## What you have to do:
Restate the listing below word for word, omitting any images.

━━━ Data block

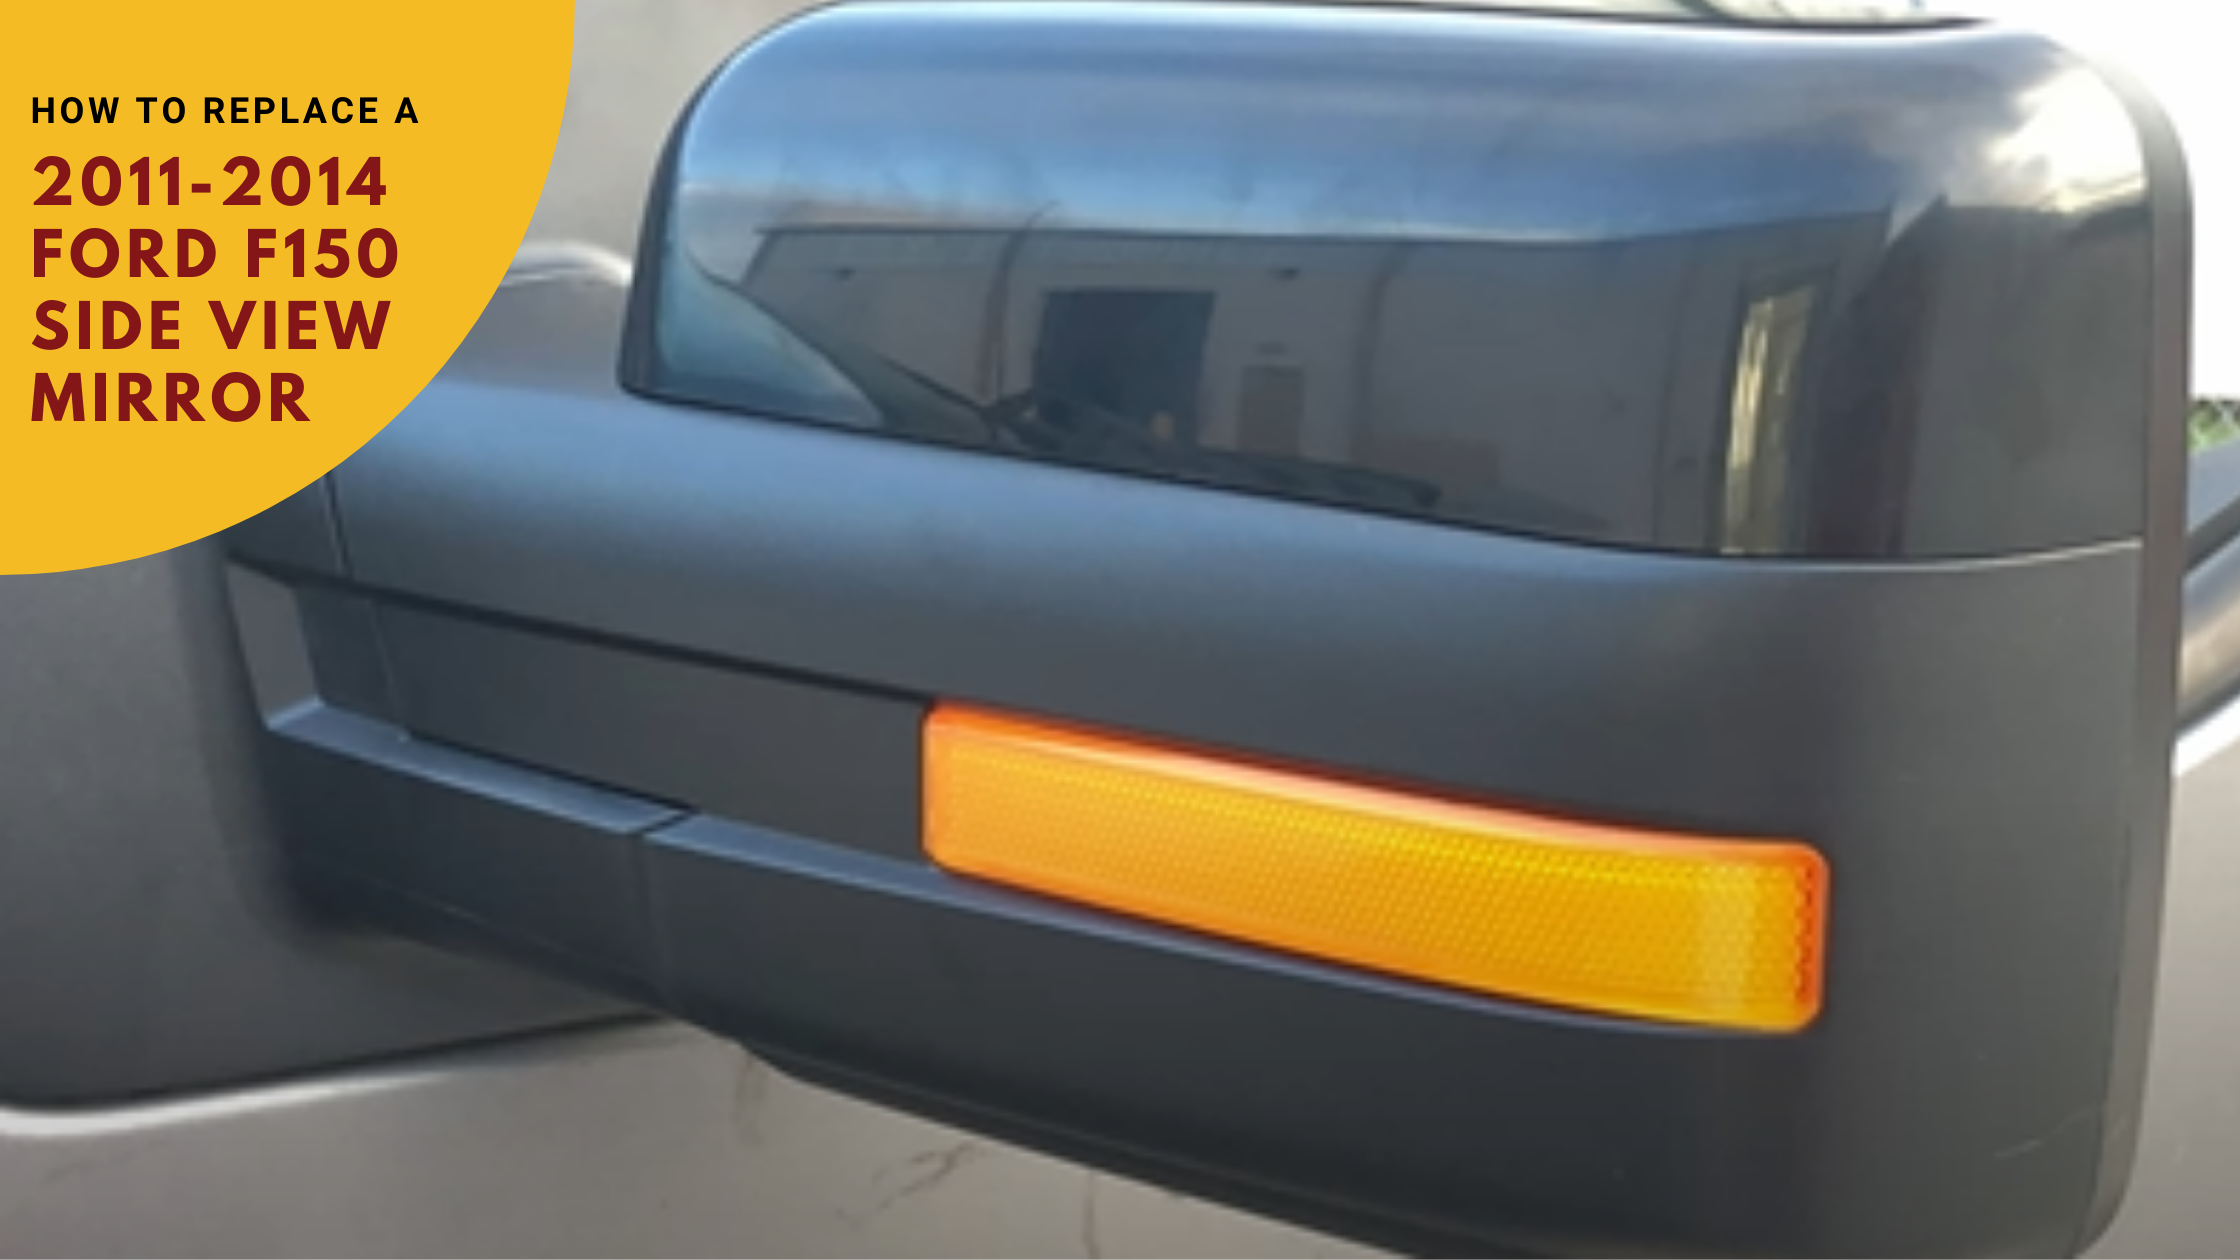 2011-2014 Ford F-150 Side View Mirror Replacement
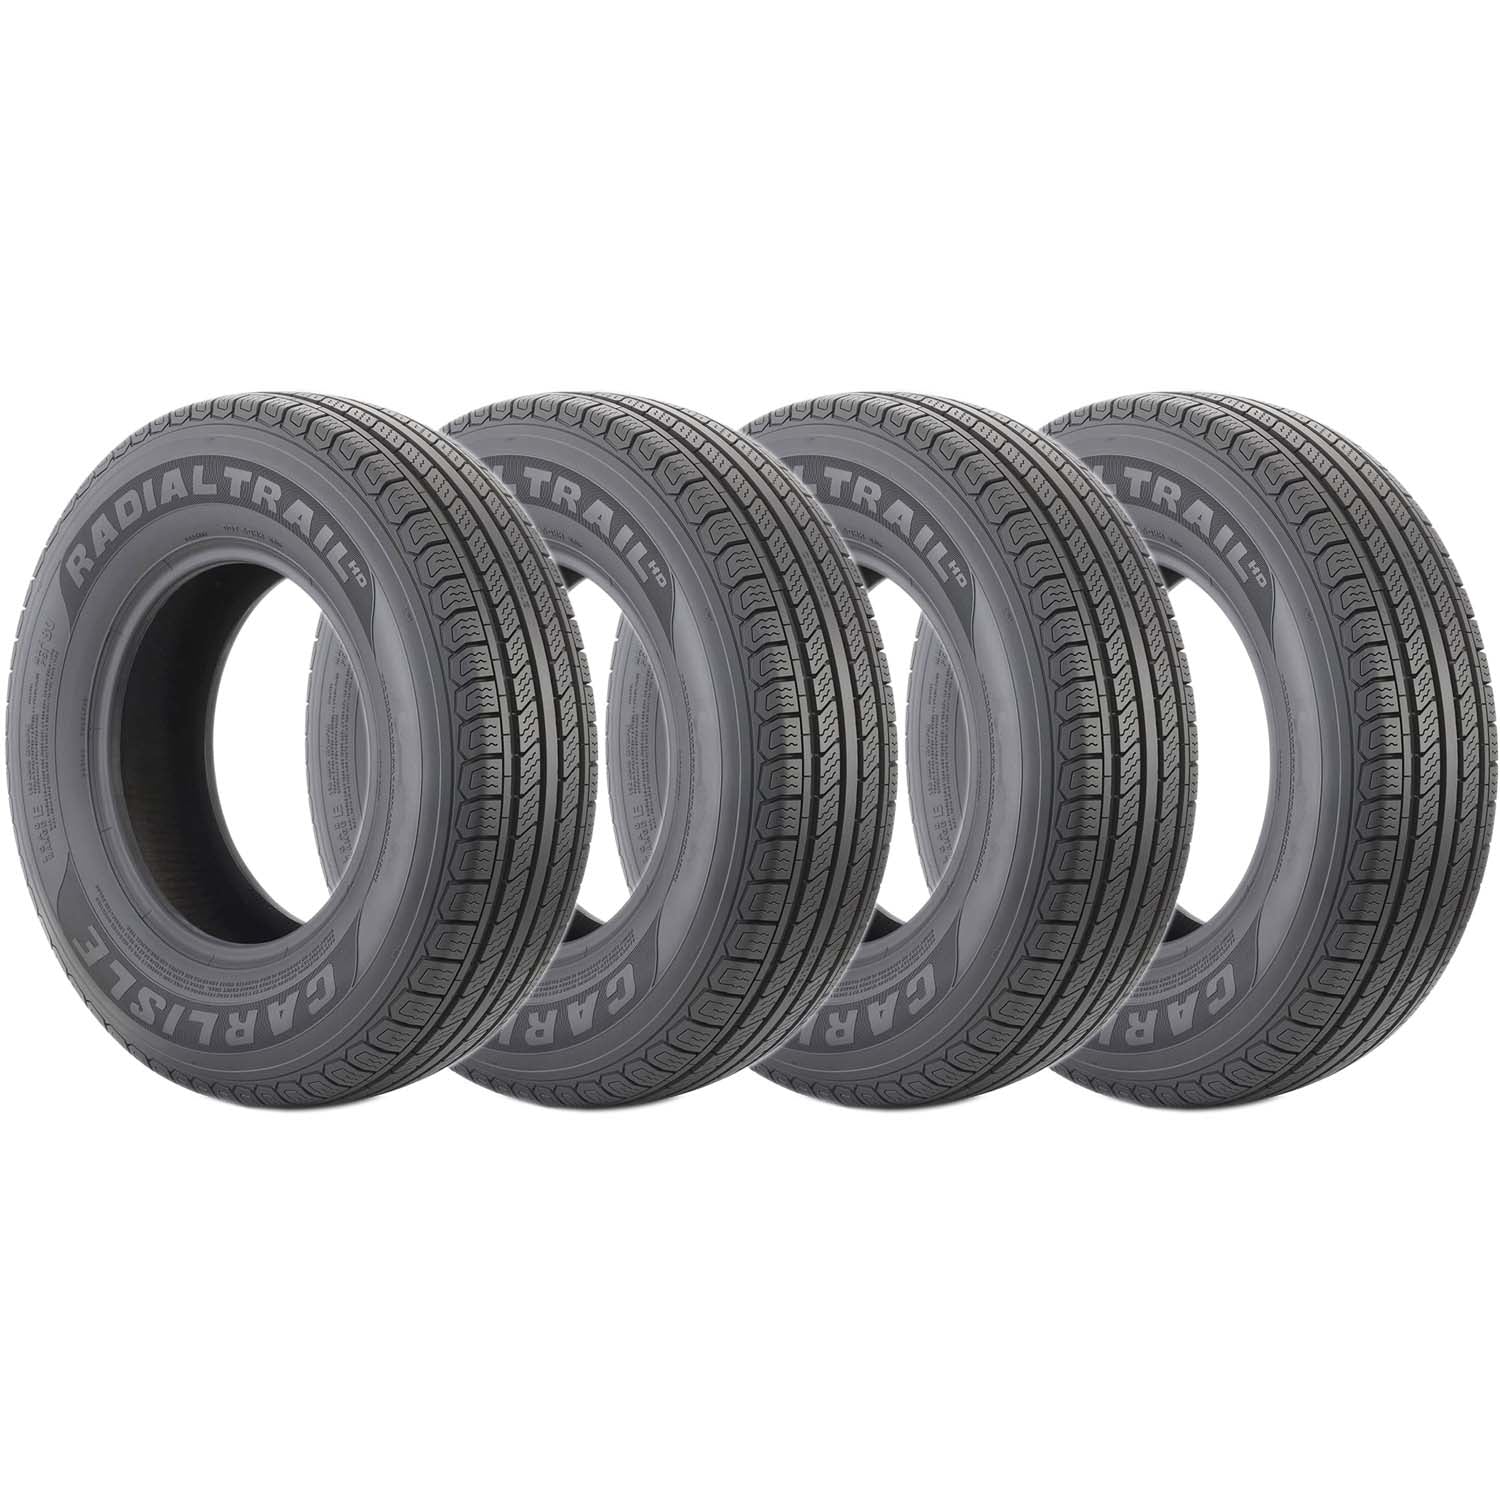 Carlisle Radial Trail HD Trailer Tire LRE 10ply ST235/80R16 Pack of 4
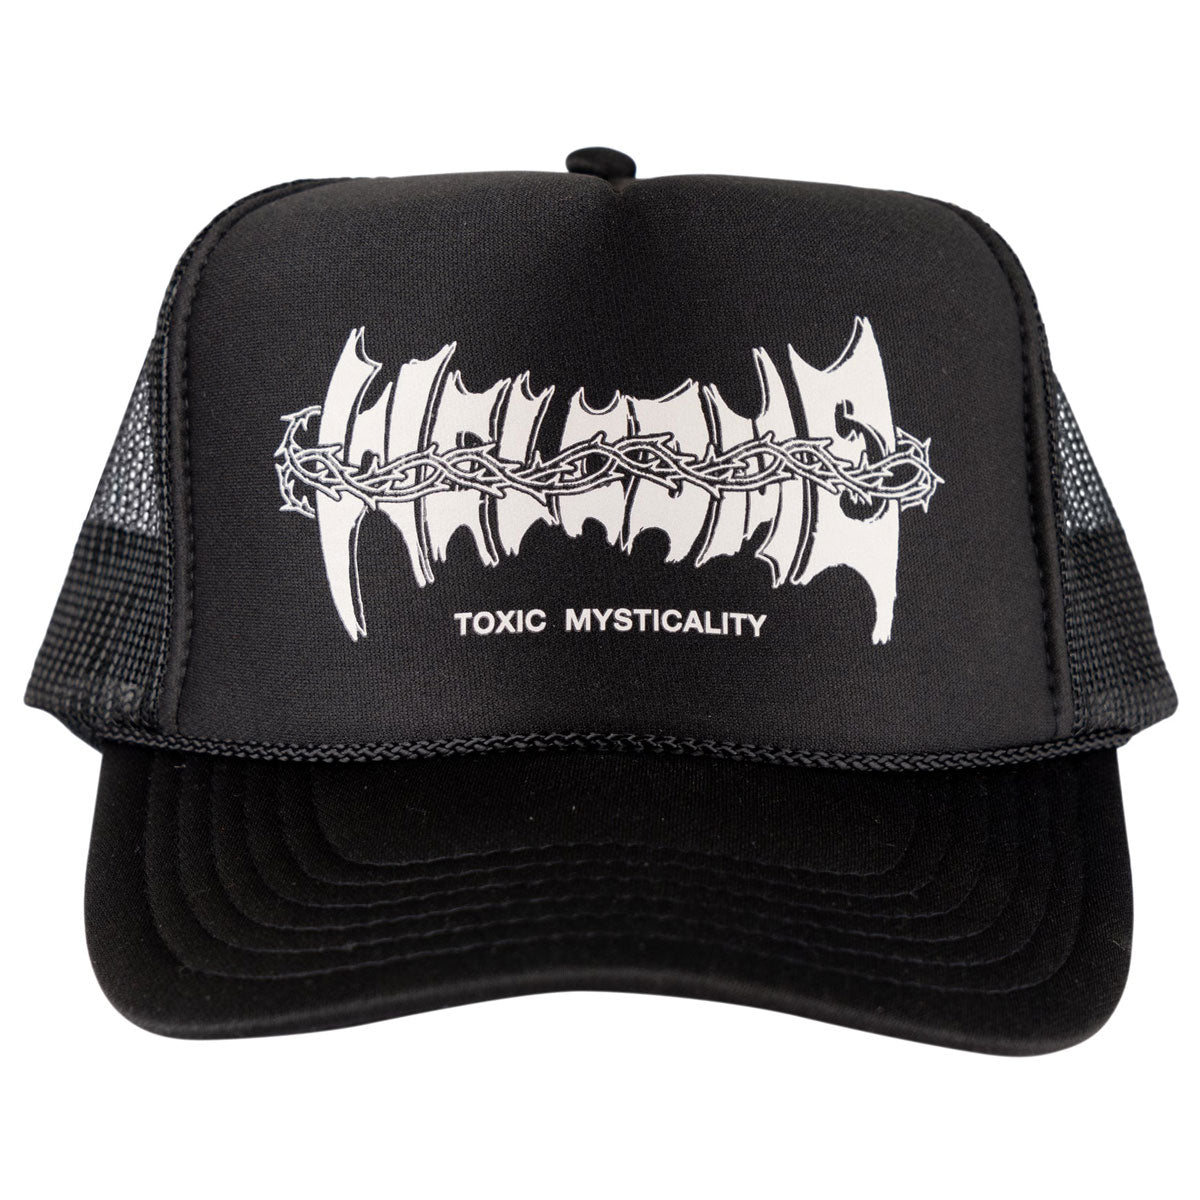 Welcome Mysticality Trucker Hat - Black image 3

━━━━━━

## Exercise response:
 2011-2014 Ford F-150 Side View Mirror Replacement
 Carlisle Radial Trail HD Trailer Tire LRE 10ply ST235/80R16 Pack of 4
 Welcome Mysticality Trucker Hat - Black image 3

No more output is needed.